→ **DIRECTIONS FOR THIS TASK**
Present the following data again exactly as it is shown.

(Items from a data source)
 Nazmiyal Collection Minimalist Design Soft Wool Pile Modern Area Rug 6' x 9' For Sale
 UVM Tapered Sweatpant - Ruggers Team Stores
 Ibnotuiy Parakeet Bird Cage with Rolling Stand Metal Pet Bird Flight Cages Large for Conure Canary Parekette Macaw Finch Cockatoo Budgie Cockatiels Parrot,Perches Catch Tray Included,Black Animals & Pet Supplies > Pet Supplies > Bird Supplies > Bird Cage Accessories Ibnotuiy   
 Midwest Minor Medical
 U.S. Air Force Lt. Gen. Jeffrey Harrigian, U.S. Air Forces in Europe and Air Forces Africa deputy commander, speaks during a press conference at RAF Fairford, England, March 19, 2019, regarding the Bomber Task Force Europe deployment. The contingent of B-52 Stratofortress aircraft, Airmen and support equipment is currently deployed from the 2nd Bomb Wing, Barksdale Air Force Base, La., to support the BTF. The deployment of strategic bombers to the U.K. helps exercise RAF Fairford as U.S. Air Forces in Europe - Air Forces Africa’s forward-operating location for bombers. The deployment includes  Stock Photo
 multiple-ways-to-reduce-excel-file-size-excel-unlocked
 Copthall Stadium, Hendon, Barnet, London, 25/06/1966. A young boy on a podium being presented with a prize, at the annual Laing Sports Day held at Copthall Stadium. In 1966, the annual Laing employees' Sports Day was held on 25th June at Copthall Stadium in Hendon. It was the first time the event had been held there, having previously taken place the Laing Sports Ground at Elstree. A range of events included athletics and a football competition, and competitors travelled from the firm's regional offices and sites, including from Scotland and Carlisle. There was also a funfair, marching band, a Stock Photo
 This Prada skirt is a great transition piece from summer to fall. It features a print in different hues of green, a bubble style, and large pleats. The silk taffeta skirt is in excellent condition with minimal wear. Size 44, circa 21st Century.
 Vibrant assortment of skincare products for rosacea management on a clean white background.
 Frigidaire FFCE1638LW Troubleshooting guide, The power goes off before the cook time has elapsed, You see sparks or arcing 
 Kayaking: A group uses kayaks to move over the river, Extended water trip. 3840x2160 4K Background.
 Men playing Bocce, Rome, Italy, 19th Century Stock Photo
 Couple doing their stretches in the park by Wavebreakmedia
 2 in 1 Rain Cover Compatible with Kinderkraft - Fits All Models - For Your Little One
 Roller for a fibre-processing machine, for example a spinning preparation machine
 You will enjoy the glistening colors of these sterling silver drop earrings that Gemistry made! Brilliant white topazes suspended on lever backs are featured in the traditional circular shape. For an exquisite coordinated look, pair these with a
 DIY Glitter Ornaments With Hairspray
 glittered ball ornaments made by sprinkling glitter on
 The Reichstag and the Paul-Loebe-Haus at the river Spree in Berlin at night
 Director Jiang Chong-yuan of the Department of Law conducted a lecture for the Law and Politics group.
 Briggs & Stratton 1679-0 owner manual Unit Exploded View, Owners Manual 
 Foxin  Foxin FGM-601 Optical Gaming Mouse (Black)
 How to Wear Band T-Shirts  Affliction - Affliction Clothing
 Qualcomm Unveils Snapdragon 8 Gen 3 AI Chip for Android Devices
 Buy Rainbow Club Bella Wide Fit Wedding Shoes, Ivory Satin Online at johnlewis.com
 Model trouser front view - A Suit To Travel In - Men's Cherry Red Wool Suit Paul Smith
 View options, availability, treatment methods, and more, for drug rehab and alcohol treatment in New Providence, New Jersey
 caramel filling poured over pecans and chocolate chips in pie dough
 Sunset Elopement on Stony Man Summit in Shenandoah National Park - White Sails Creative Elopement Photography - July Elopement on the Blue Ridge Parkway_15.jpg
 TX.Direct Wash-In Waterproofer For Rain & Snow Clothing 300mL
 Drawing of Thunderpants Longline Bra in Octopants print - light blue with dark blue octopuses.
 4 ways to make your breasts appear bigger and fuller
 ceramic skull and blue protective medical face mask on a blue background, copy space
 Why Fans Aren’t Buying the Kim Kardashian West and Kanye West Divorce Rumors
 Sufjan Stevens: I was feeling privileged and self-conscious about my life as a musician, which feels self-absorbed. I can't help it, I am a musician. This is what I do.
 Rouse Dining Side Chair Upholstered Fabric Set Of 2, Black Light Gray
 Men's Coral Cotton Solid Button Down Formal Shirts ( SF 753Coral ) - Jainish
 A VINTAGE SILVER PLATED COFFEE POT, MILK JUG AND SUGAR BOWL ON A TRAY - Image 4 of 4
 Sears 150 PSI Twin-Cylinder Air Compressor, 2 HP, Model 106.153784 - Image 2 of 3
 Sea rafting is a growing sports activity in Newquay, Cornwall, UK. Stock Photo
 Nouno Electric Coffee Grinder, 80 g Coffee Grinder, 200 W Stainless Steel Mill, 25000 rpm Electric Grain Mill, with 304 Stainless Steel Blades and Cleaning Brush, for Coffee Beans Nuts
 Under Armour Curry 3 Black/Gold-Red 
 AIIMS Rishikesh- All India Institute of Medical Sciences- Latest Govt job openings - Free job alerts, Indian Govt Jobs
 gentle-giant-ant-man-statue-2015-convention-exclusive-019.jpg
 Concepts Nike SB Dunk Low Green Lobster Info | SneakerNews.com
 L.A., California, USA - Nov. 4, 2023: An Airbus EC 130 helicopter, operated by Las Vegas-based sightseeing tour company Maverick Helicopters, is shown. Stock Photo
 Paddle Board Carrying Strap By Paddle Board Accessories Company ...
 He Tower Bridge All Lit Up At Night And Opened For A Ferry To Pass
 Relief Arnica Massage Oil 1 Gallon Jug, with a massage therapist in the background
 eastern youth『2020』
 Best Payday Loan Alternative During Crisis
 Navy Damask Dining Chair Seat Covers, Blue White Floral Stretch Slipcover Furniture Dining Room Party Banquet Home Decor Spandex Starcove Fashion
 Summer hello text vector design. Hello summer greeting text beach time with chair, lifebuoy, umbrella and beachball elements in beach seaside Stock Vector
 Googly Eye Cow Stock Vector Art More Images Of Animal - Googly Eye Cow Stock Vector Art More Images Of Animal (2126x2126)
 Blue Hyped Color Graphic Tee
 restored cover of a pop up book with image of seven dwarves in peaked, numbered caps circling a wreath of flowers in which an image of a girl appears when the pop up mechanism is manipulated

→ **FINISHED EXERCISE**
 Nazmiyal Collection Minimalist Design Soft Wool Pile Modern Area Rug 6' x 9' For Sale
 UVM Tapered Sweatpant - Ruggers Team Stores
 Ibnotuiy Parakeet Bird Cage with Rolling Stand Metal Pet Bird Flight Cages Large for Conure Canary Parekette Macaw Finch Cockatoo Budgie Cockatiels Parrot,Perches Catch Tray Included,Black Animals & Pet Supplies > Pet Supplies > Bird Supplies > Bird Cage Accessories Ibnotuiy   
 Midwest Minor Medical
 U.S. Air Force Lt. Gen. Jeffrey Harrigian, U.S. Air Forces in Europe and Air Forces Africa deputy commander, speaks during a press conference at RAF Fairford, England, March 19, 2019, regarding the Bomber Task Force Europe deployment. The contingent of B-52 Stratofortress aircraft, Airmen and support equipment is currently deployed from the 2nd Bomb Wing, Barksdale Air Force Base, La., to support the BTF. The deployment of strategic bombers to the U.K. helps exercise RAF Fairford as U.S. Air Forces in Europe - Air Forces Africa’s forward-operating location for bombers. The deployment includes  Stock Photo
 multiple-ways-to-reduce-excel-file-size-excel-unlocked
 Copthall Stadium, Hendon, Barnet, London, 25/06/1966. A young boy on a podium being presented with a prize, at the annual Laing Sports Day held at Copthall Stadium. In 1966, the annual Laing employees' Sports Day was held on 25th June at Copthall Stadium in Hendon. It was the first time the event had been held there, having previously taken place the Laing Sports Ground at Elstree. A range of events included athletics and a football competition, and competitors travelled from the firm's regional offices and sites, including from Scotland and Carlisle. There was also a funfair, marching band, a Stock Photo
 This Prada skirt is a great transition piece from summer to fall. It features a print in different hues of green, a bubble style, and large pleats. The silk taffeta skirt is in excellent condition with minimal wear. Size 44, circa 21st Century.
 Vibrant assortment of skincare products for rosacea management on a clean white background.
 Frigidaire FFCE1638LW Troubleshooting guide, The power goes off before the cook time has elapsed, You see sparks or arcing 
 Kayaking: A group uses kayaks to move over the river, Extended water trip. 3840x2160 4K Background.
 Men playing Bocce, Rome, Italy, 19th Century Stock Photo
 Couple doing their stretches in the park by Wavebreakmedia
 2 in 1 Rain Cover Compatible with Kinderkraft - Fits All Models - For Your Little One
 Roller for a fibre-processing machine, for example a spinning preparation machine
 You will enjoy the glistening colors of these sterling silver drop earrings that Gemistry made! Brilliant white topazes suspended on lever backs are featured in the traditional circular shape. For an exquisite coordinated look, pair these with a
 DIY Glitter Ornaments With Hairspray
 glittered ball ornaments made by sprinkling glitter on
 The Reichstag and the Paul-Loebe-Haus at the river Spree in Berlin at night
 Director Jiang Chong-yuan of the Department of Law conducted a lecture for the Law and Politics group.
 Briggs & Stratton 1679-0 owner manual Unit Exploded View, Owners Manual 
 Foxin  Foxin FGM-601 Optical Gaming Mouse (Black)
 How to Wear Band T-Shirts  Affliction - Affliction Clothing
 Qualcomm Unveils Snapdragon 8 Gen 3 AI Chip for Android Devices
 Buy Rainbow Club Bella Wide Fit Wedding Shoes, Ivory Satin Online at johnlewis.com
 Model trouser front view - A Suit To Travel In - Men's Cherry Red Wool Suit Paul Smith
 View options, availability, treatment methods, and more, for drug rehab and alcohol treatment in New Providence, New Jersey
 caramel filling poured over pecans and chocolate chips in pie dough
 Sunset Elopement on Stony Man Summit in Shenandoah National Park - White Sails Creative Elopement Photography - July Elopement on the Blue Ridge Parkway_15.jpg
 TX.Direct Wash-In Waterproofer For Rain & Snow Clothing 300mL
 Drawing of Thunderpants Longline Bra in Octopants print - light blue with dark blue octopuses.
 4 ways to make your breasts appear bigger and fuller
 ceramic skull and blue protective medical face mask on a blue background, copy space
 Why Fans Aren’t Buying the Kim Kardashian West and Kanye West Divorce Rumors
 Sufjan Stevens: I was feeling privileged and self-conscious about my life as a musician, which feels self-absorbed. I can't help it, I am a musician. This is what I do.
 Rouse Dining Side Chair Upholstered Fabric Set Of 2, Black Light Gray
 Men's Coral Cotton Solid Button Down Formal Shirts ( SF 753Coral ) - Jainish
 A VINTAGE SILVER PLATED COFFEE POT, MILK JUG AND SUGAR BOWL ON A TRAY - Image 4 of 4
 Sears 150 PSI Twin-Cylinder Air Compressor, 2 HP, Model 106.153784 - Image 2 of 3
 Sea rafting is a growing sports activity in Newquay, Cornwall, UK. Stock Photo
 Nouno Electric Coffee Grinder, 80 g Coffee Grinder, 200 W Stainless Steel Mill, 25000 rpm Electric Grain Mill, with 304 Stainless Steel Blades and Cleaning Brush, for Coffee Beans Nuts
 Under Armour Curry 3 Black/Gold-Red 
 AIIMS Rishikesh- All India Institute of Medical Sciences- Latest Govt job openings - Free job alerts, Indian Govt Jobs
 gentle-giant-ant-man-statue-2015-convention-exclusive-019.jpg
 Concepts Nike SB Dunk Low Green Lobster Info | SneakerNews.com
 L.A., California, USA - Nov. 4, 2023: An Airbus EC 130 helicopter, operated by Las Vegas-based sightseeing tour company Maverick Helicopters, is shown. Stock Photo
 Paddle Board Carrying Strap By Paddle Board Accessories Company ...
 He Tower Bridge All Lit Up At Night And Opened For A Ferry To Pass
 Relief Arnica Massage Oil 1 Gallon Jug, with a massage therapist in the background
 eastern youth『2020』
 Best Payday Loan Alternative During Crisis
 Navy Damask Dining Chair Seat Covers, Blue White Floral Stretch Slipcover Furniture Dining Room Party Banquet Home Decor Spandex Starcove Fashion
 Summer hello text vector design. Hello summer greeting text beach time with chair, lifebuoy, umbrella and beachball elements in beach seaside Stock Vector
 Googly Eye Cow Stock Vector Art More Images Of Animal - Googly Eye Cow Stock Vector Art More Images Of Animal (2126x2126)
 Blue Hyped Color Graphic Tee
 restored cover of a pop up book with image of seven dwarves in peaked, numbered caps circling a wreath of flowers in which an image of a girl appears when the pop up mechanism is manipulated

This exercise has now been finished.